Give all of the listing again word for word, with images excluded.

Source material:
• • • • • • •
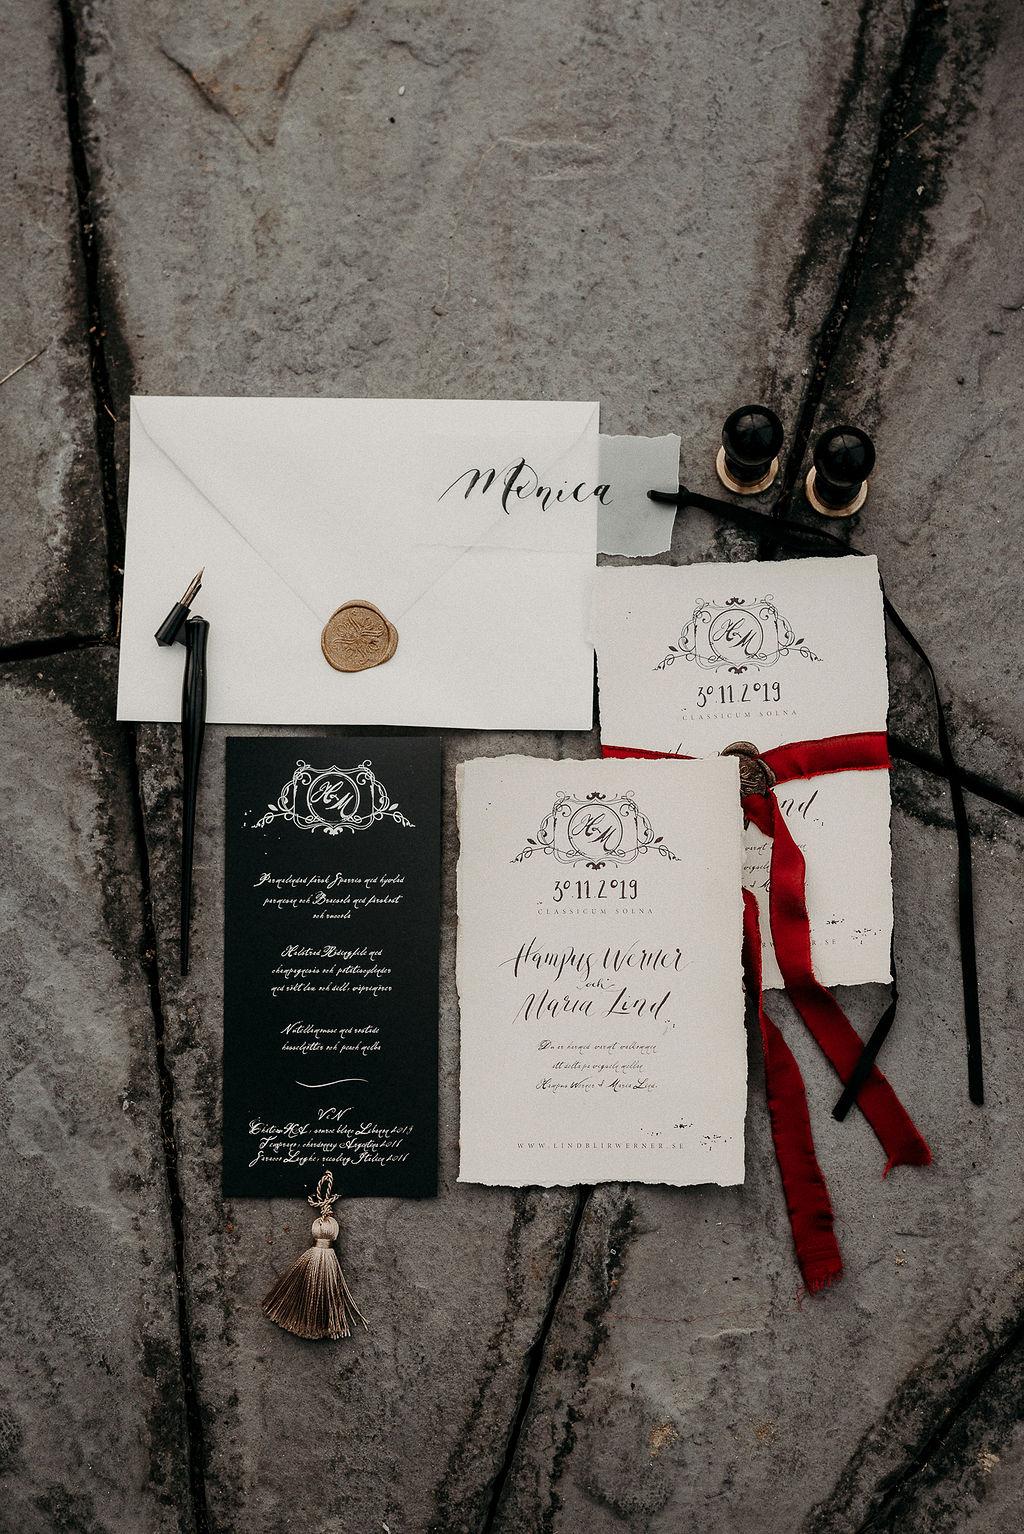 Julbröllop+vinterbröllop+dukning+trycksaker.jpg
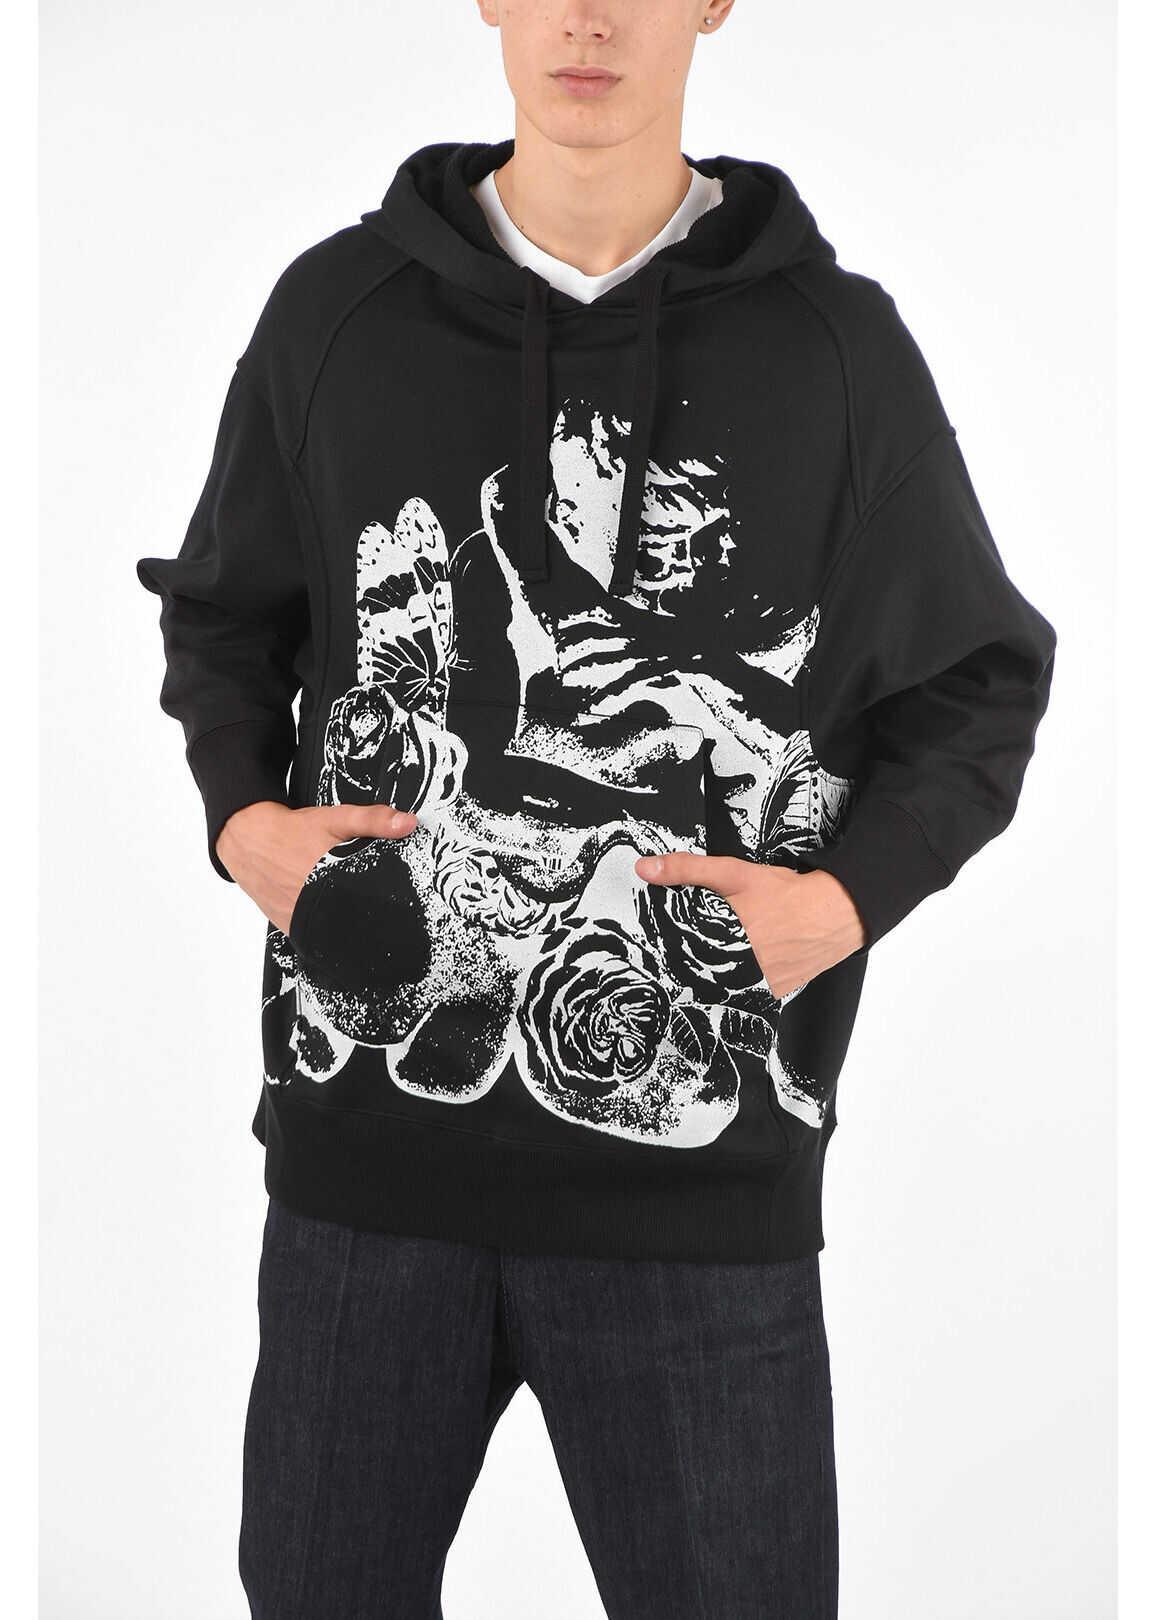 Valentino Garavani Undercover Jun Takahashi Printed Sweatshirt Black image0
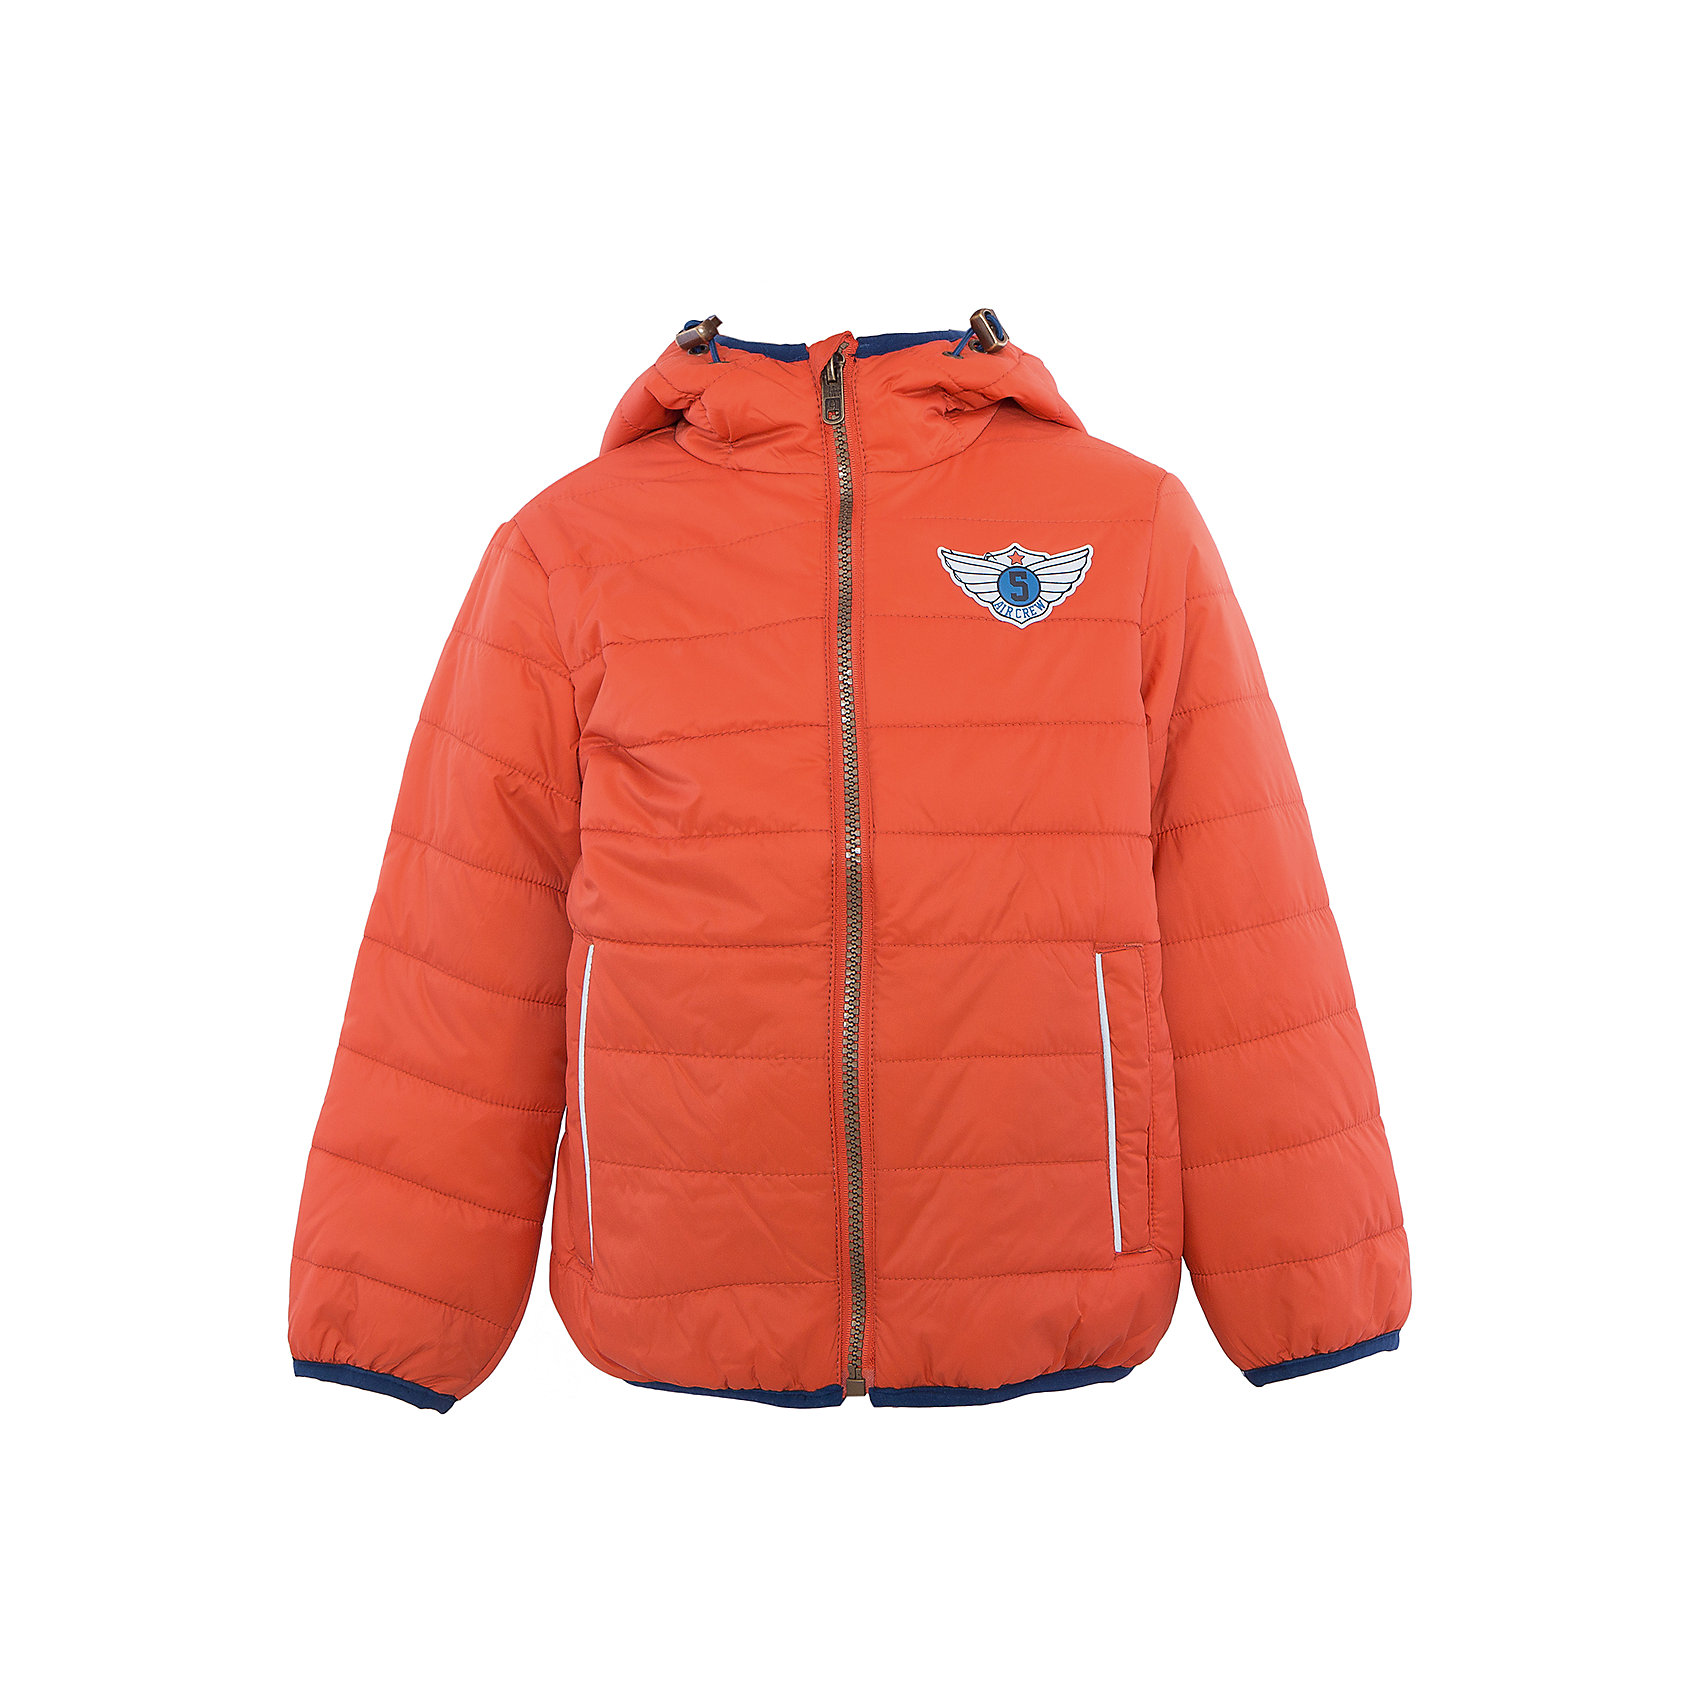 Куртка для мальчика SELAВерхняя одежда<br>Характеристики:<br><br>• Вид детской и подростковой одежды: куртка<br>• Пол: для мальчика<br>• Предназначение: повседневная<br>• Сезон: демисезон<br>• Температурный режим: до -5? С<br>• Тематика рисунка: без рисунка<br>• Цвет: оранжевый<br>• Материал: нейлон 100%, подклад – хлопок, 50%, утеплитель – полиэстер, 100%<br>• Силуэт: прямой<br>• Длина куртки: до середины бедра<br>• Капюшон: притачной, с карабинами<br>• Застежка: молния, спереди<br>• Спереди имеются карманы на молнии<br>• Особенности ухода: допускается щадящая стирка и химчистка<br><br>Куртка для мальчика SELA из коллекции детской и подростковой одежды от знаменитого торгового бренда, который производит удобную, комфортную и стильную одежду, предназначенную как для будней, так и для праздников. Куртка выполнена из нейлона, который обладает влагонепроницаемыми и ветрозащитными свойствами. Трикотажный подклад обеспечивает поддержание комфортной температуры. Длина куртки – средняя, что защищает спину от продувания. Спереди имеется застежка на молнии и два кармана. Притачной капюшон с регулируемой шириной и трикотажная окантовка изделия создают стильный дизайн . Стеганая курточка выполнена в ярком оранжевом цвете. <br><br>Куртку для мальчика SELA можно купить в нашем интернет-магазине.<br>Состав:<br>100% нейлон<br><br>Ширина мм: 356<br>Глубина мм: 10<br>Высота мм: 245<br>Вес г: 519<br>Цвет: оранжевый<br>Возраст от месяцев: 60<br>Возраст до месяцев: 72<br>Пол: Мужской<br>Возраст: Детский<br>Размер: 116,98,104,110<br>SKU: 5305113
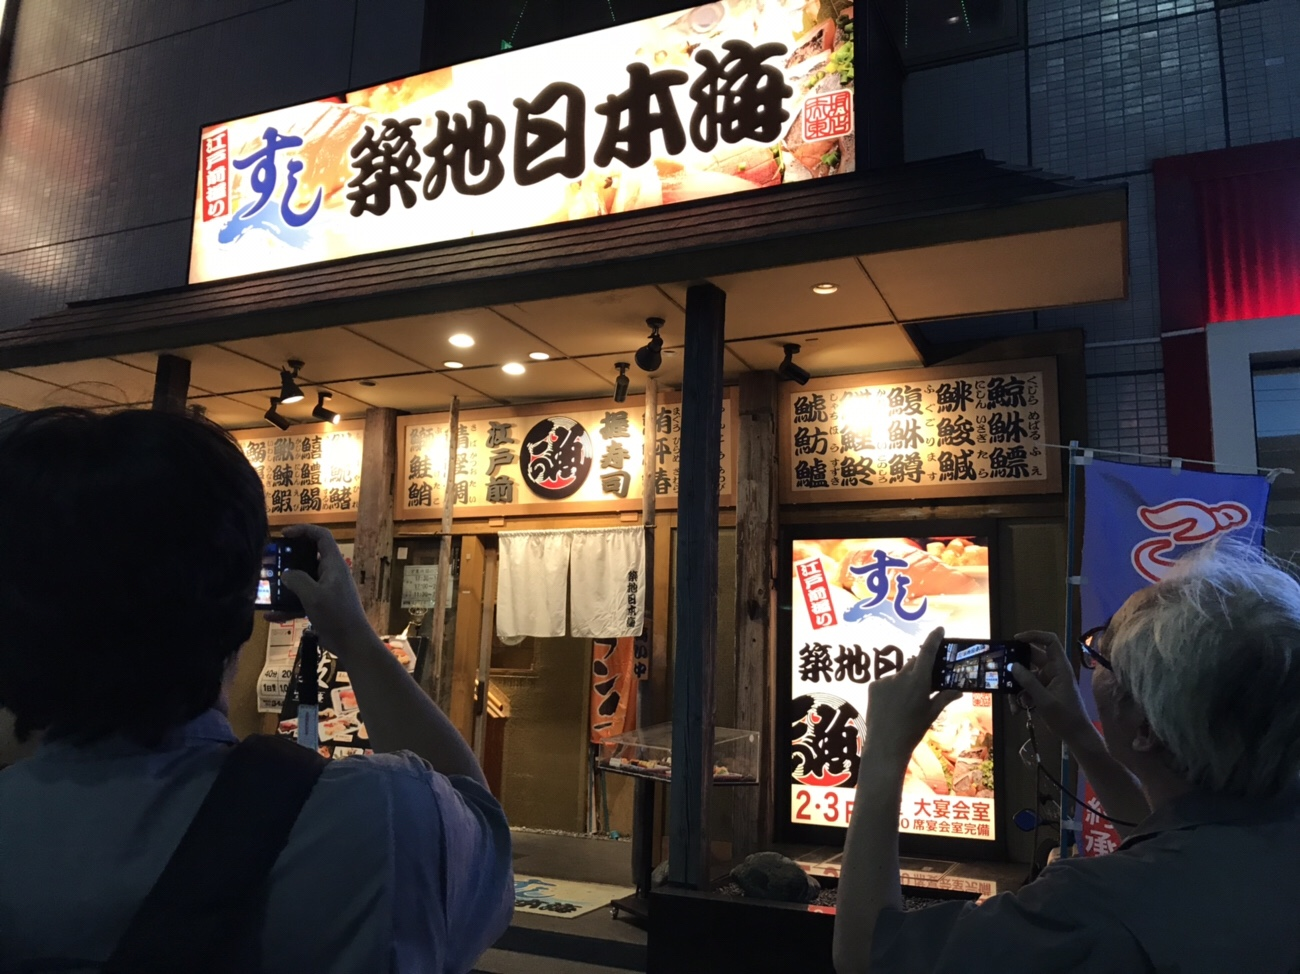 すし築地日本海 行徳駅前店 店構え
• • • • • • •
Result for this exercise:
 Julbröllop+vinterbröllop+dukning+trycksaker.jpg
 Valentino Garavani Undercover Jun Takahashi Printed Sweatshirt Black image0
 Куртка для мальчика SELAВерхняя одежда<br>Характеристики:<br><br>• Вид детской и подростковой одежды: куртка<br>• Пол: для мальчика<br>• Предназначение: повседневная<br>• Сезон: демисезон<br>• Температурный режим: до -5? С<br>• Тематика рисунка: без рисунка<br>• Цвет: оранжевый<br>• Материал: нейлон 100%, подклад – хлопок, 50%, утеплитель – полиэстер, 100%<br>• Силуэт: прямой<br>• Длина куртки: до середины бедра<br>• Капюшон: притачной, с карабинами<br>• Застежка: молния, спереди<br>• Спереди имеются карманы на молнии<br>• Особенности ухода: допускается щадящая стирка и химчистка<br><br>Куртка для мальчика SELA из коллекции детской и подростковой одежды от знаменитого торгового бренда, который производит удобную, комфортную и стильную одежду, предназначенную как для будней, так и для праздников. Куртка выполнена из нейлона, который обладает влагонепроницаемыми и ветрозащитными свойствами. Трикотажный подклад обеспечивает поддержание комфортной температуры. Длина куртки – средняя, что защищает спину от продувания. Спереди имеется застежка на молнии и два кармана. Притачной капюшон с регулируемой шириной и трикотажная окантовка изделия создают стильный дизайн . Стеганая курточка выполнена в ярком оранжевом цвете. <br><br>Куртку для мальчика SELA можно купить в нашем интернет-магазине.<br>Состав:<br>100% нейлон<br><br>Ширина мм: 356<br>Глубина мм: 10<br>Высота мм: 245<br>Вес г: 519<br>Цвет: оранжевый<br>Возраст от месяцев: 60<br>Возраст до месяцев: 72<br>Пол: Мужской<br>Возраст: Детский<br>Размер: 116,98,104,110<br>SKU: 5305113
 すし築地日本海 行徳駅前店 店構え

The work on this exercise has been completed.